What Jordan wants the film to communicate is that people can change the way they live and alter the fate of albatrosses of Midway. “It’s a message of horror, but also beauty and hope,” he said. “And love.”

 

A SIMPLE SONG OF HOPE

Where could I go from that angry poem begun

when I first saw that heartbreaking photo? How could I

summon words of “beauty and hope” or even “love”?!

 

Since then, I have learned that the name of the world’s

oldest known wild bird (she was tagged Z333 in 1951)

is a Laysan albatross or mōlī named Wisdom.

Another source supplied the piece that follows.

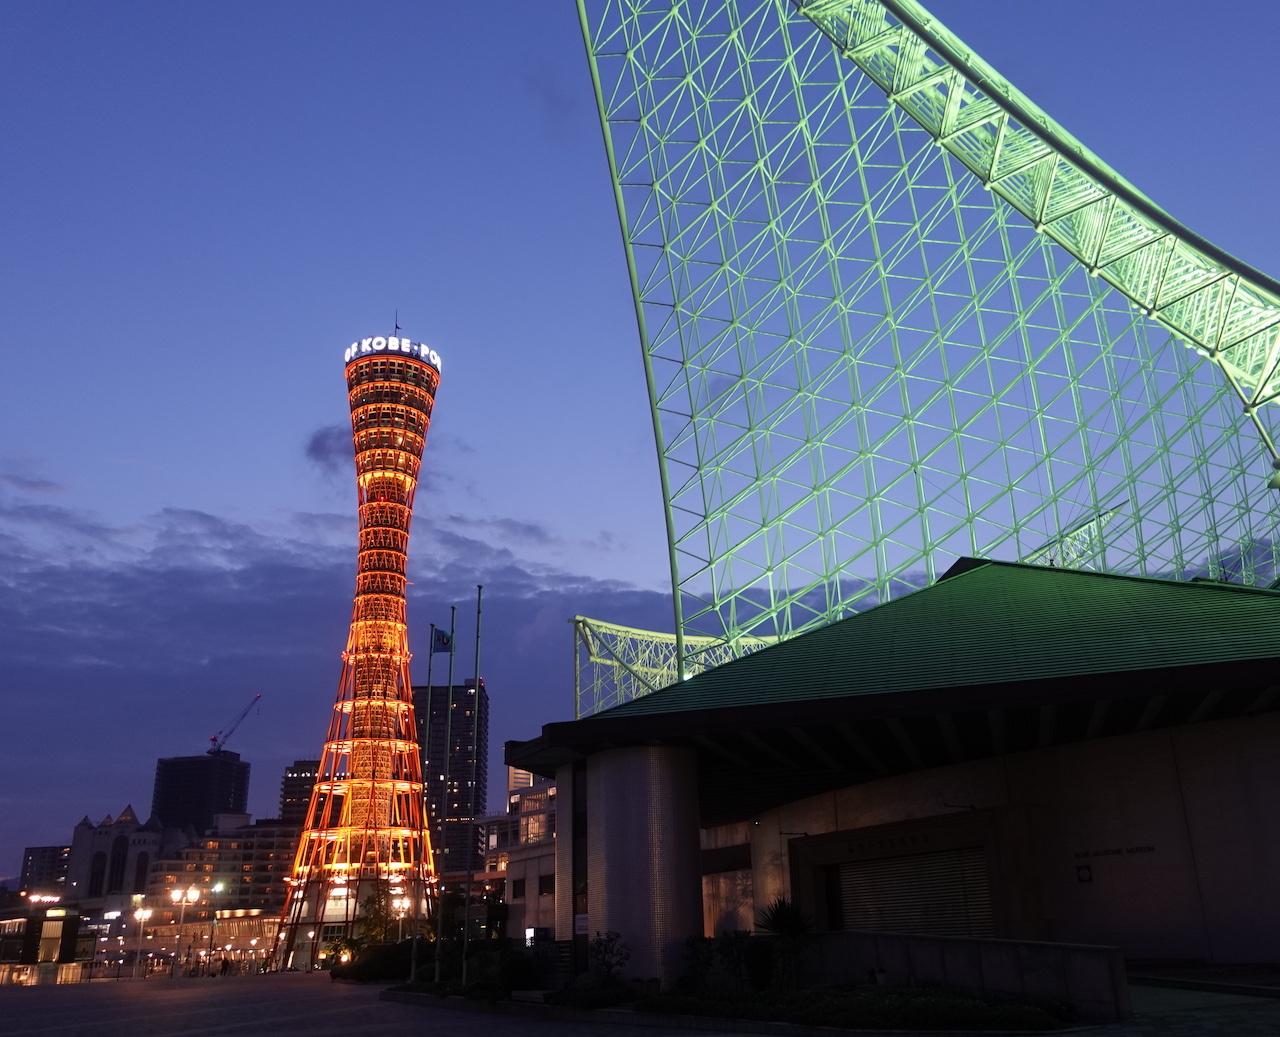 JANOG44@神戸出張 2日目。天孫降臨でラーメン食べて神戸ポートタワーに登る!_b0024832_23160424.jpg

On December 21, 2023 she returned to Midway Atoll.

 

With millions of other albatrosses she returns to nest and raise

her young in Papahānaumokuākea Marine National

Monument. She’s seen to embody Hawaiian deity, Lono,

a sacred being. She has lived nearly ¾ of a century

(most albatrosses survive to about 50).

 

Bird counters come yearly to witness this priceless part of

Earth’s evolution over millions of years, to wonder at their

beauty and power but also to lament the trash and debris

strewn around the birds’ nests, washed up on beaches.

 

They return with this message: to see these magnificent

creatures is to know that they are part of us, ones we must,

in this time of crisis, welcome and protect as a holy trust.

Nancy Corson Carter, professor emerita of humanities at Eckerd College, has published two poetry books, Dragon Poems and The Sourdough Dream Kit, and three poetry chapbooks. Some of her poems, drawings, and photos appear in her nonfiction book, Martha, Mary, and Jesus: Weaving Action and Contemplation in Daily Life and in her memoir, The Never-Quite-Ending War: a WWII GI Daughter's Stories.